For the material that follows, return exactly the lines from the one with "William Shakespeare Interest" through the one with "WhatsApp users to", both ends included.

_Material provided:_
◇ ◇ ◇
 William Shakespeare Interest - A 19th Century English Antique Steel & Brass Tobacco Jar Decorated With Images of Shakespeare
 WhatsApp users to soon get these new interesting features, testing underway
◇ ◇ ◇
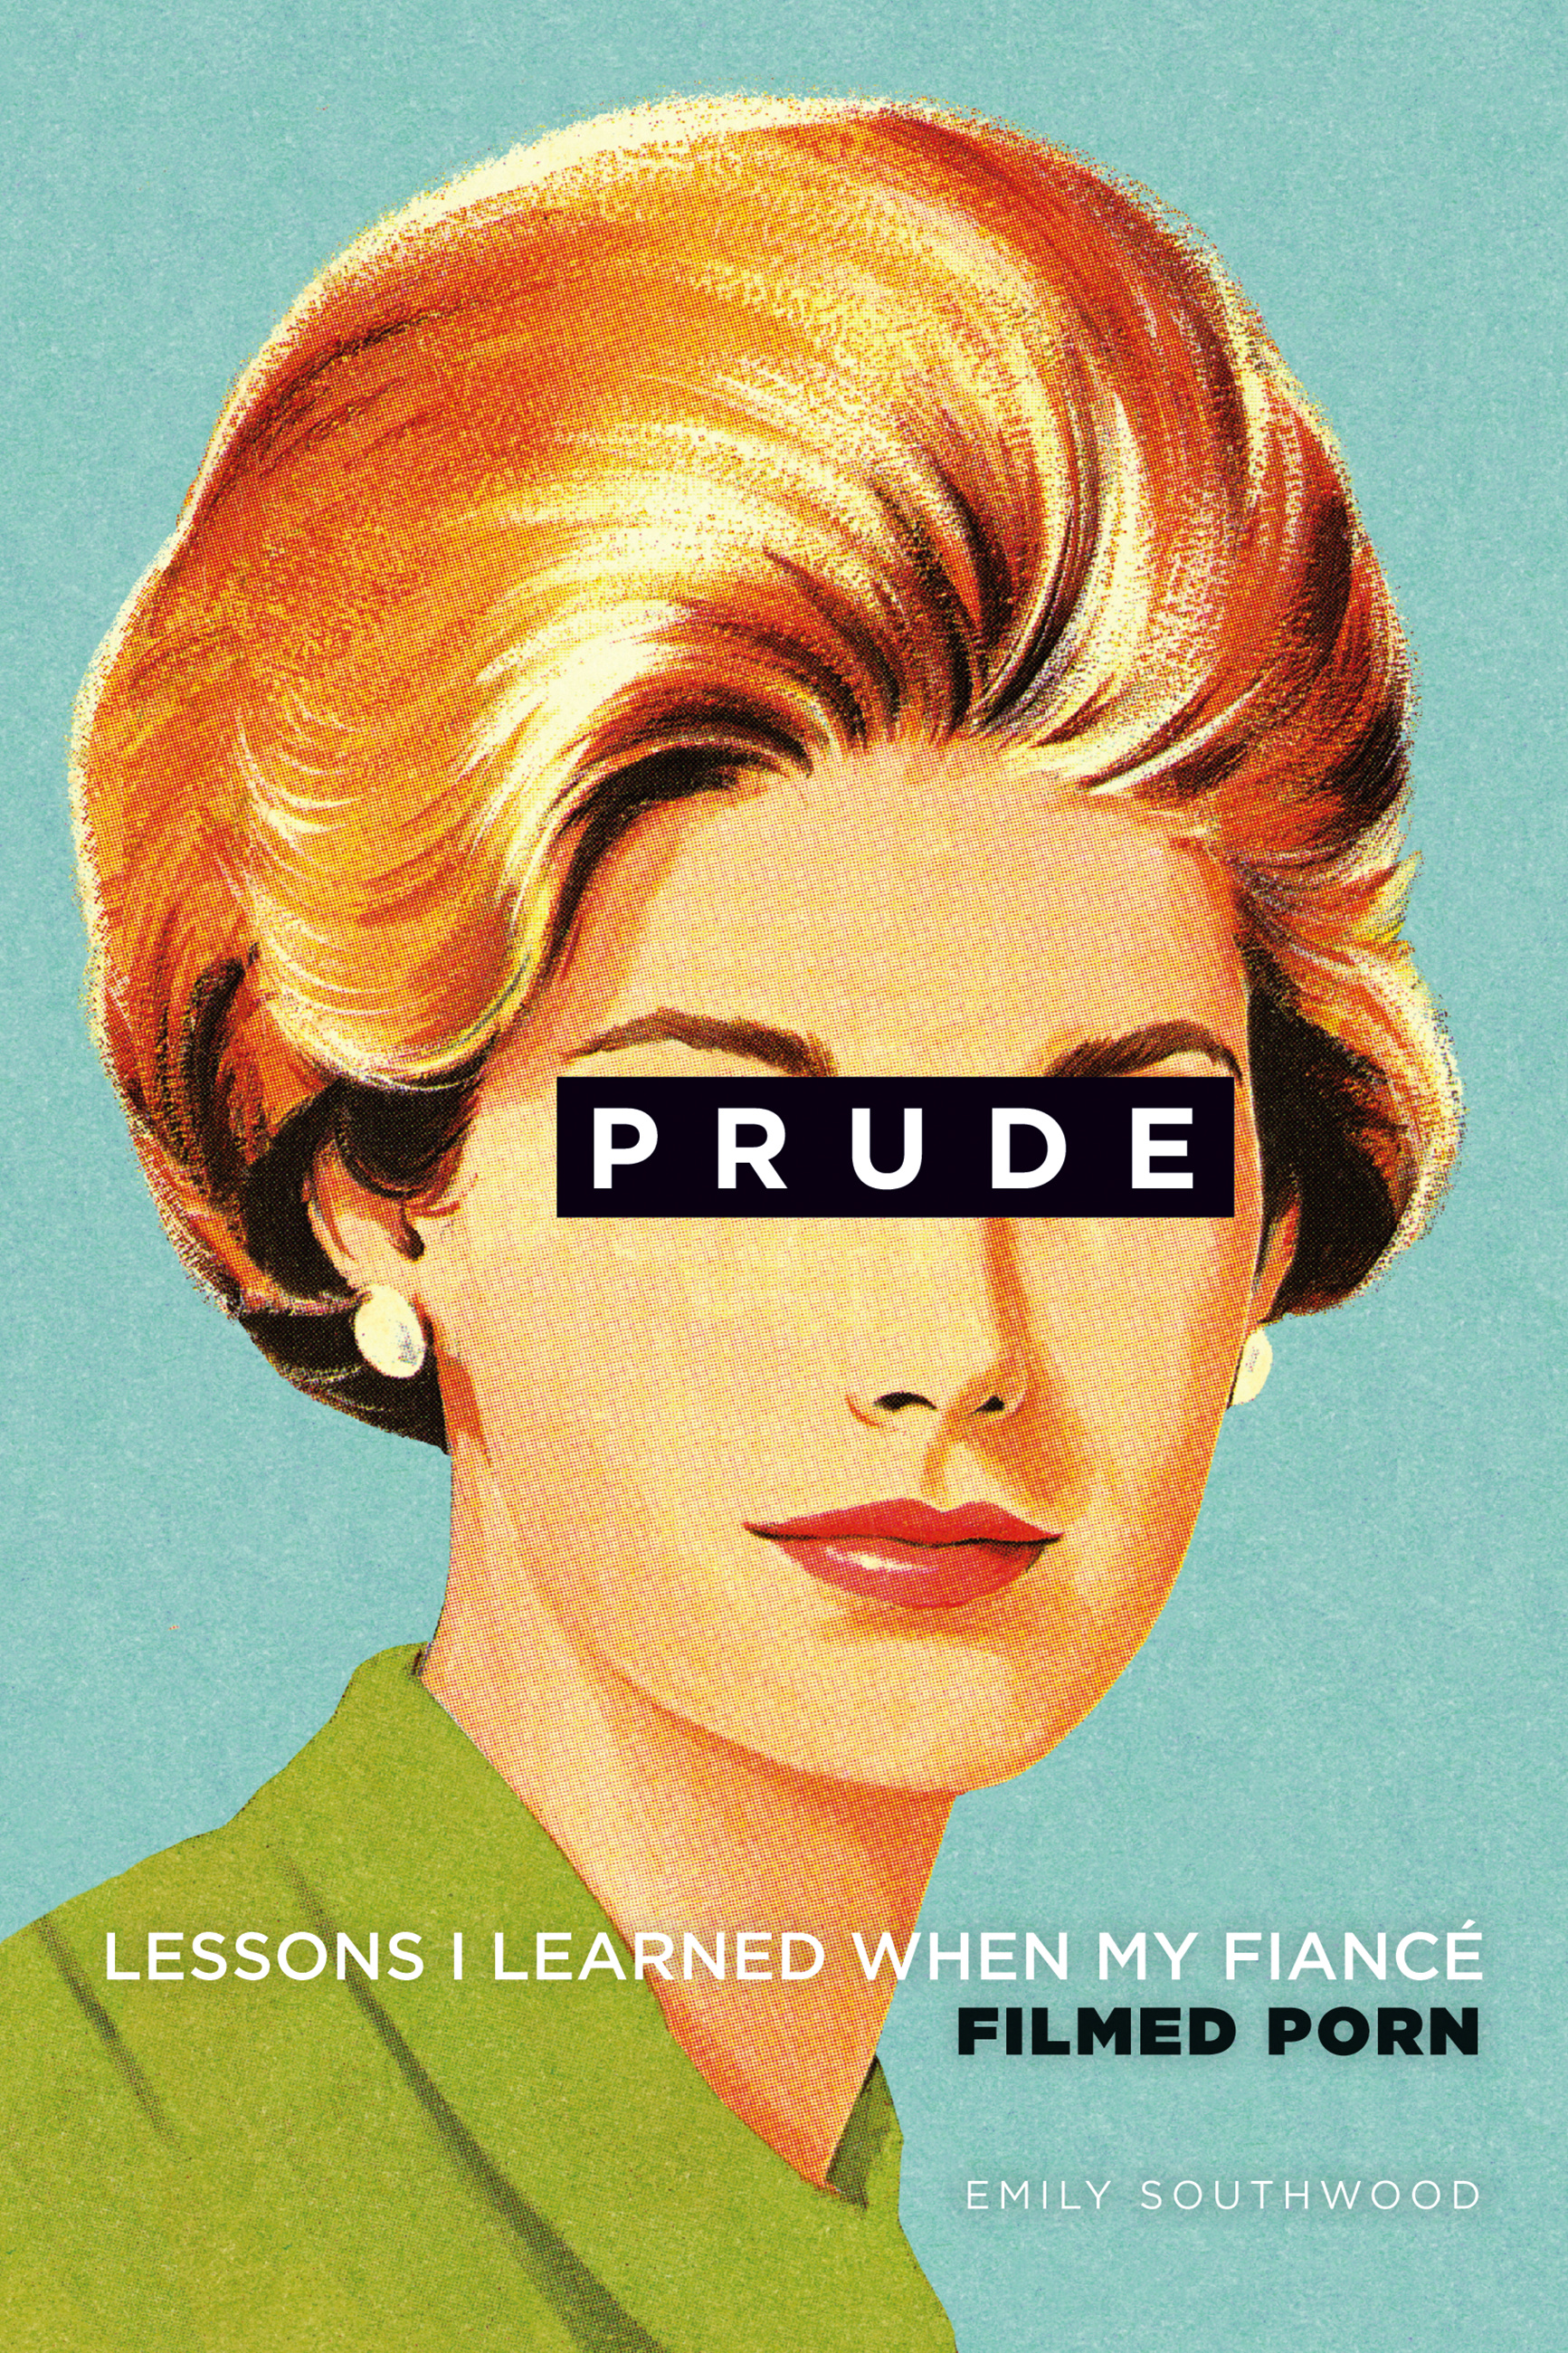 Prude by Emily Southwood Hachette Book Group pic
◇ ◇ ◇
_Result of the exercise:_
 William Shakespeare Interest - A 19th Century English Antique Steel & Brass Tobacco Jar Decorated With Images of Shakespeare
 WhatsApp users to soon get these new interesting features, testing underway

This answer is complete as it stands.